Пока лекарь работал, он решил прояснить для себя кое-что.
— Итак, Штефан, будь любезен ответить на несколько вопросов. От твоих ответов, а именно от их откровенности, зависит моё дальнейшее поведение… Подержи вот так, не давай ей сгибать руку… Вопрос первый: всё ли известно пану Буевичу?
— Всё, пан доктор. Она — его племянница. Не родная, но любит он её, как свою собственную дочь. И всё ей позволяет.
— Оно и видно… Плохо держишь, крепче! Не жалей, а то ей же хуже будет!.. Вопрос второй: знает ли кто-нибудь в школе — учителя, комендант, другие ученики — о том, кем на самом деле является пан Ален?

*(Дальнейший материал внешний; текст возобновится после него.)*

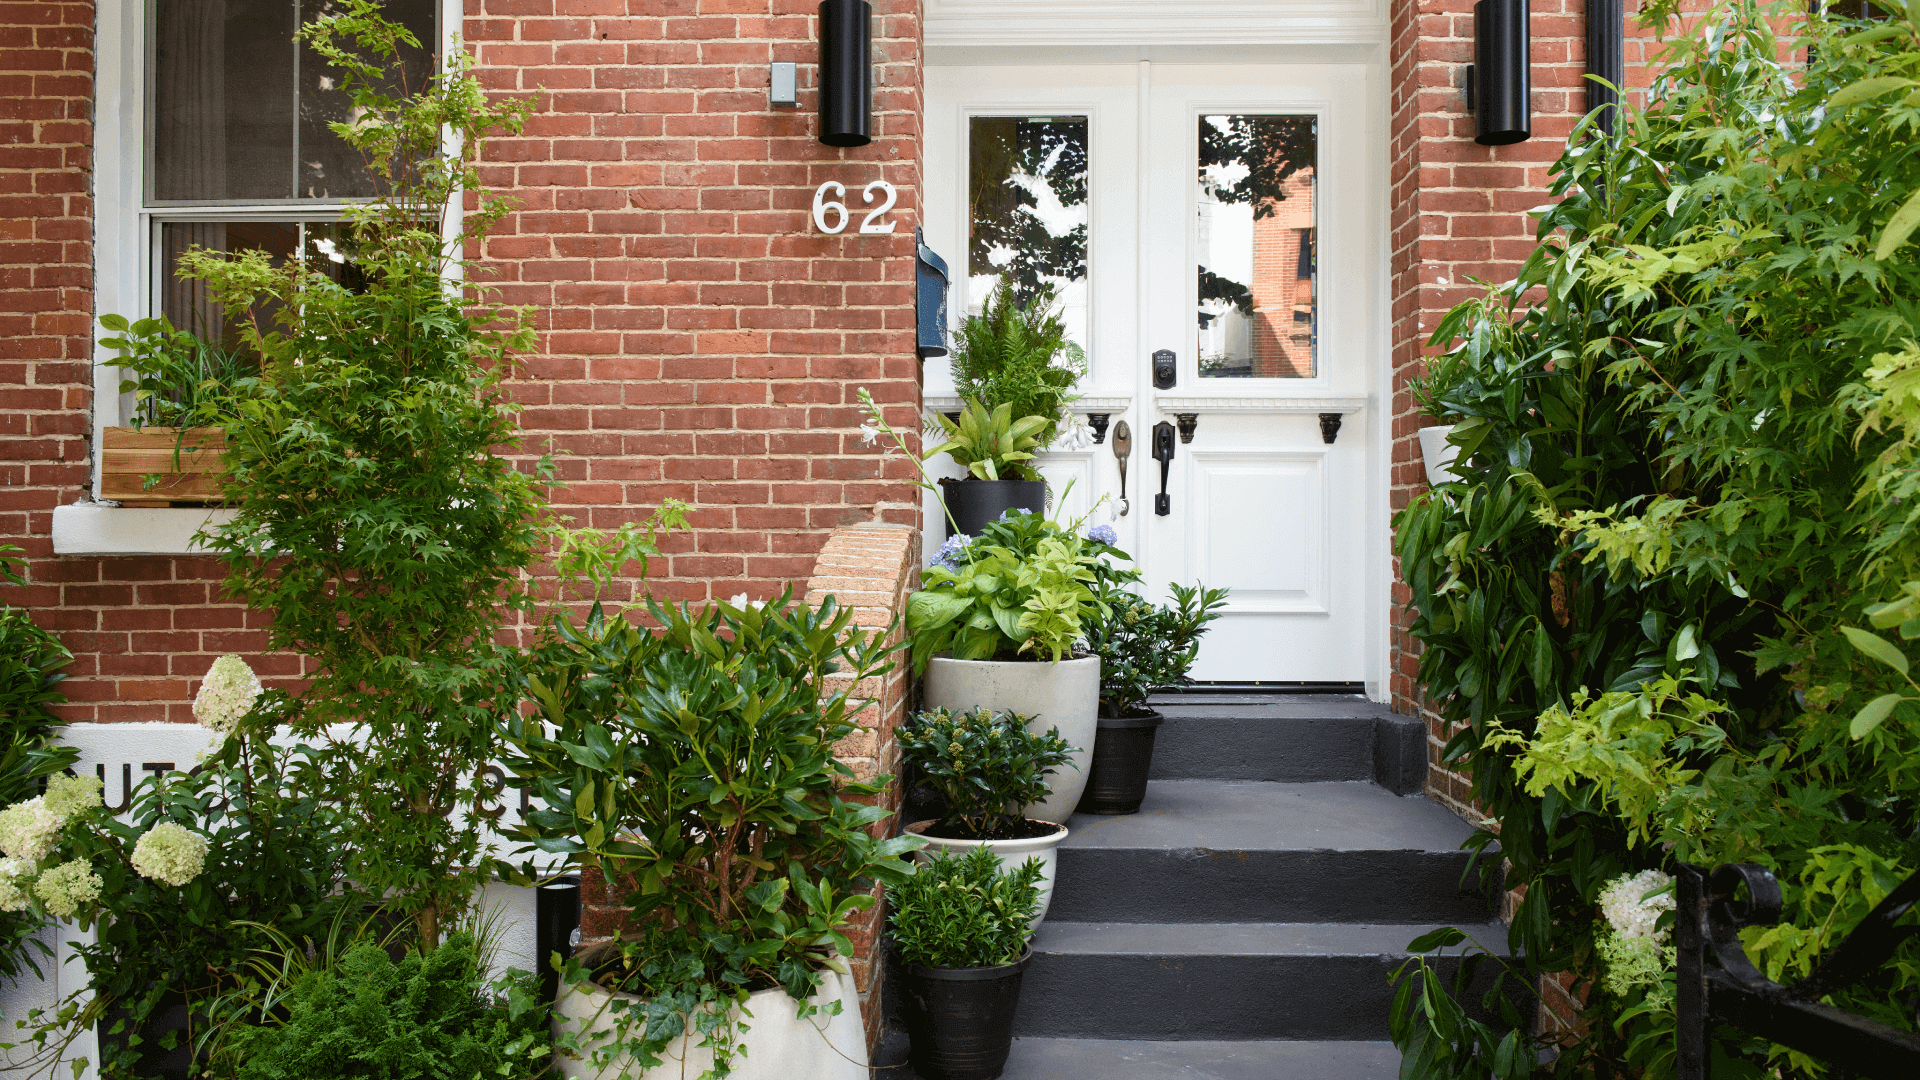 view of entry and front garden of a brick house with number 62 on it, a gray stoop lined with potted plants leads to a white windowed door, flanked by green tress and bushes
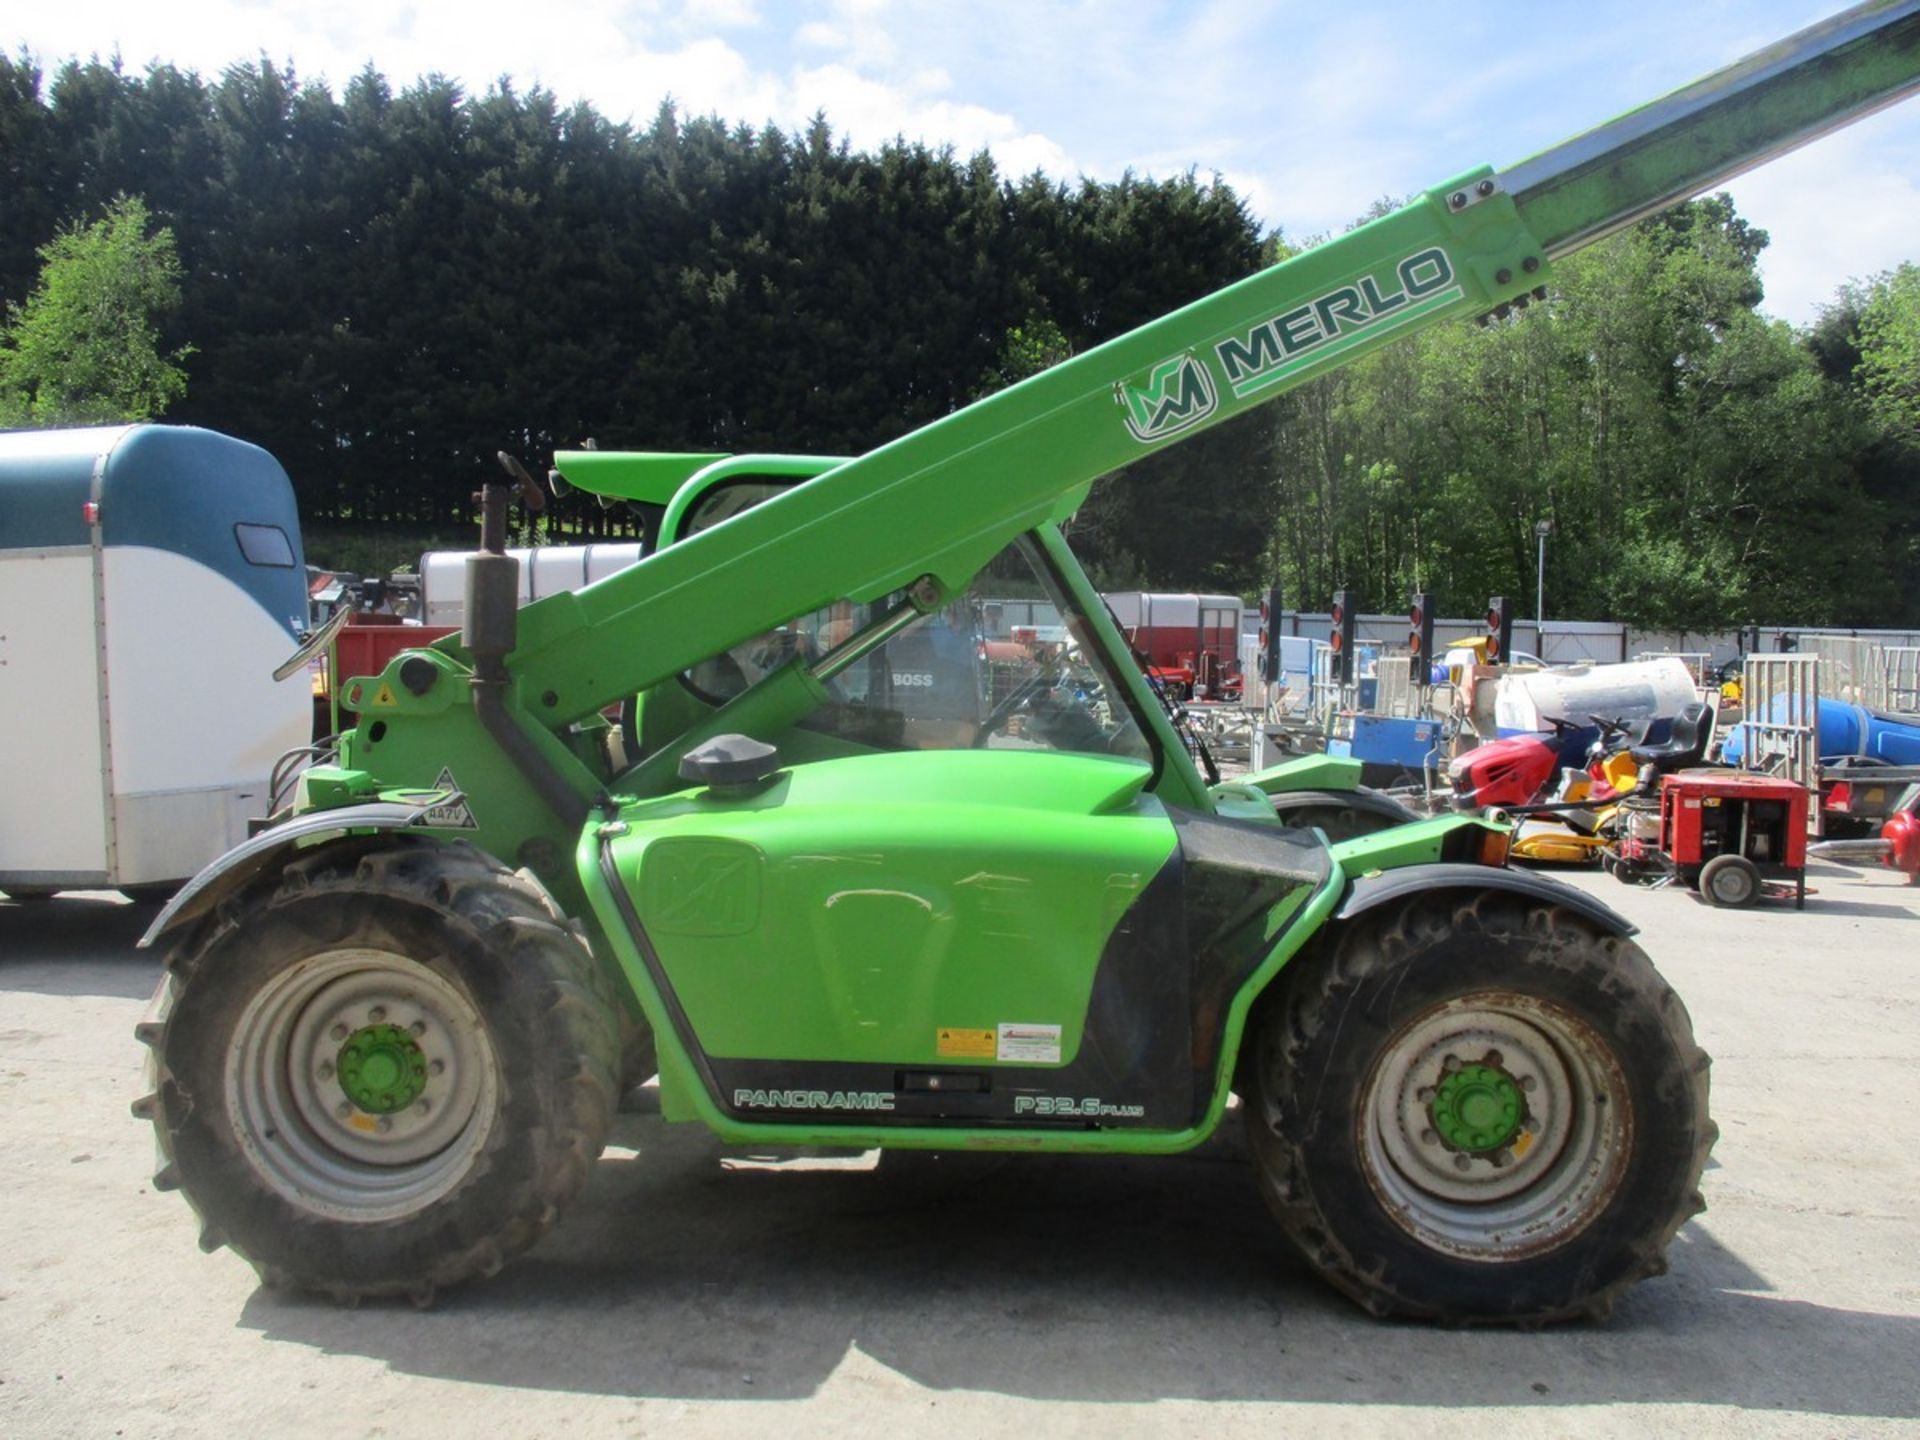 MERLO P326 PLUS TELEHANDLER (YR 2008) 6138HRS SHOWING,WA58FHG, 2 OWNERS, V5 - Image 4 of 7

— Нет, пан доктор, не знают.
— Угу. А пан Юзеф?
— Пан Юзеф, пожалуй, знает. Это получилось случайно. Но он ни разу даже вида не подал, что ему всё известно.
— А сама панна в курсе, что он знает?
— Да. Но и она ни разу не говорила об этом ни с кем. Они вроде как друзья.
— Вроде как… Хорошо сказал, точно…Вроде как! Хе-хе!.. Помоги мне её перевернуть… Удивительно! И зачем это ей?
— Вот этого не скажу, сам не знаю. Красивая панна, могла бы жить без забот, да ещё при таком заботливом дядюшке, как пан Буевич. Да вот, поди ж ты!
— Любопытно.
— А вы не расскажите об этом?
— Что ж я, враг себе? Если пану Буевичу всё известно, и он не возражает, значит, так тому и быть. Только я думаю, что всё равно, рано или поздно все обо всём узнают… Так. Всё. Накрой её пока одеялом, я приготовлю всё необходимое.
Через полтора часа доктор докладывал коменданту в присутствии находившихся здесь же учителей о состоянии здоровья пана Алена.